The above are the last traces that I can discover of Gurdon’s appearing and acting in public. The first notice that my evidences give of him is that in 1232, being the 16th of Henry III., he was the King’s bailiff, with others, for the town of Alton. Now, from 1232 to 1295 is a space of sixty-three years, a long period for one man to be employed in active life! Should any one doubt whether all these particulars can relate to one and the same person, I should wish him to attend to the following reasons why they might. In the first place, the documents from the priory mention but one Sir Adam Gurdon, who had no son lawfully begotten; and in the next, we are to recollect that he must have probably been a man of uncommon vigour, both of mind and body, since no one unsupported by such accomplishments could have engaged in such adventures, or could have borne up against the difficulties which he sometimes must have encountered; and moreover, we have modern instances of persons that have maintained their abilities for near that period.

Were we to suppose Gurdon to be only twenty years of age in 1232, in 1295 he would be eighty-three; after which advanced period it could not be expected that he should live long. From the silence, therefore, of my evidences, it seems probable that this extraordinary person finished his life in peace, not long after, at his mansion of Temple. Gurdon’s seal had for its device a man, with a helmet on his head, drawing a cross-bow; the legend, "Sigillum Ade de Gurdon," his arms were, “Goulis, iii floures argent issant de testes de leopards.”[1]

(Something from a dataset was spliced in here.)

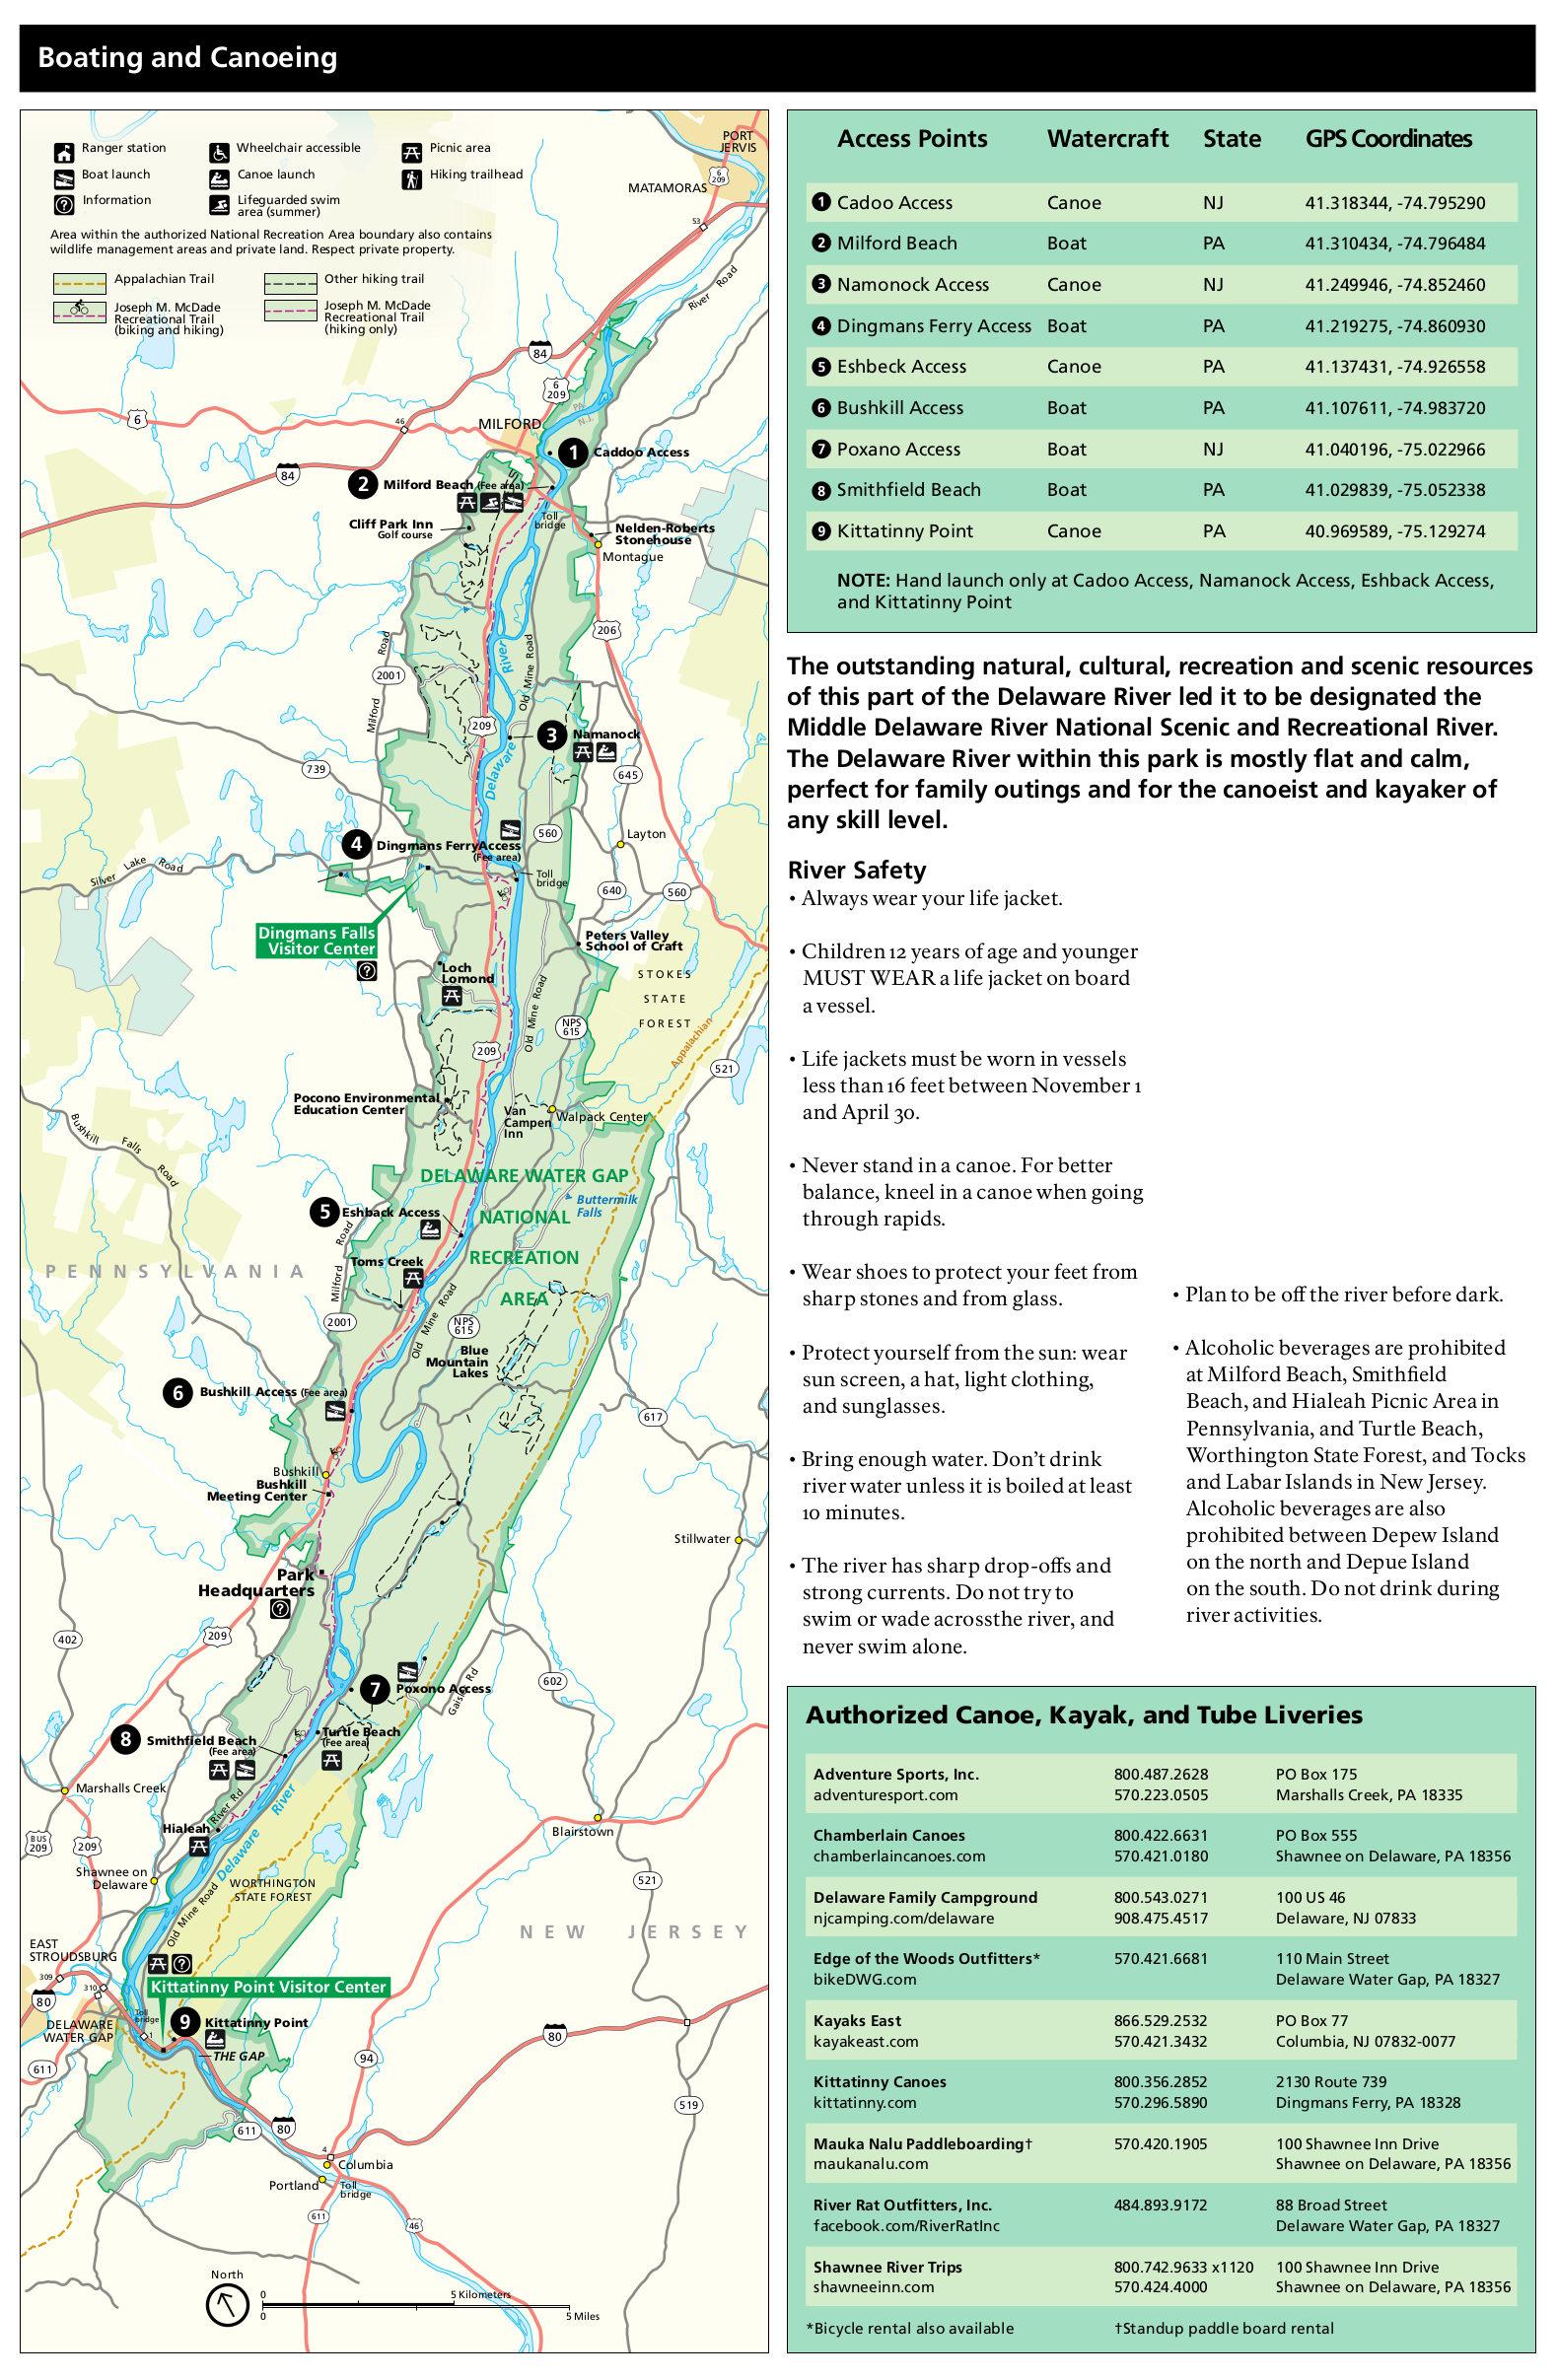 map delaware water gap File Nps Delaware Water Gap Boating Map Jpg Wikimedia Commons map delaware water gap

If the stout and unsubmitting spirit of Gurdon could be so much influenced by the belief and superstition of the times, much more might the hearts of his ladies and daughter. And accordingly we find that Ameria, by the consent and advice of her sons, though said to be all under age, makes a grant for ever of some lands down by the stream at Durton; and also of her right of the common of Durton itself.[2] Johanna, the daughter and heiress of

  1. From the collection of Thomas Martin, Esq., in the “Antiquarian Repertory,” p. 109, No. XXXI.
  2. Durton, now called Dorton, is still a common for the copyholders of Selborne manor.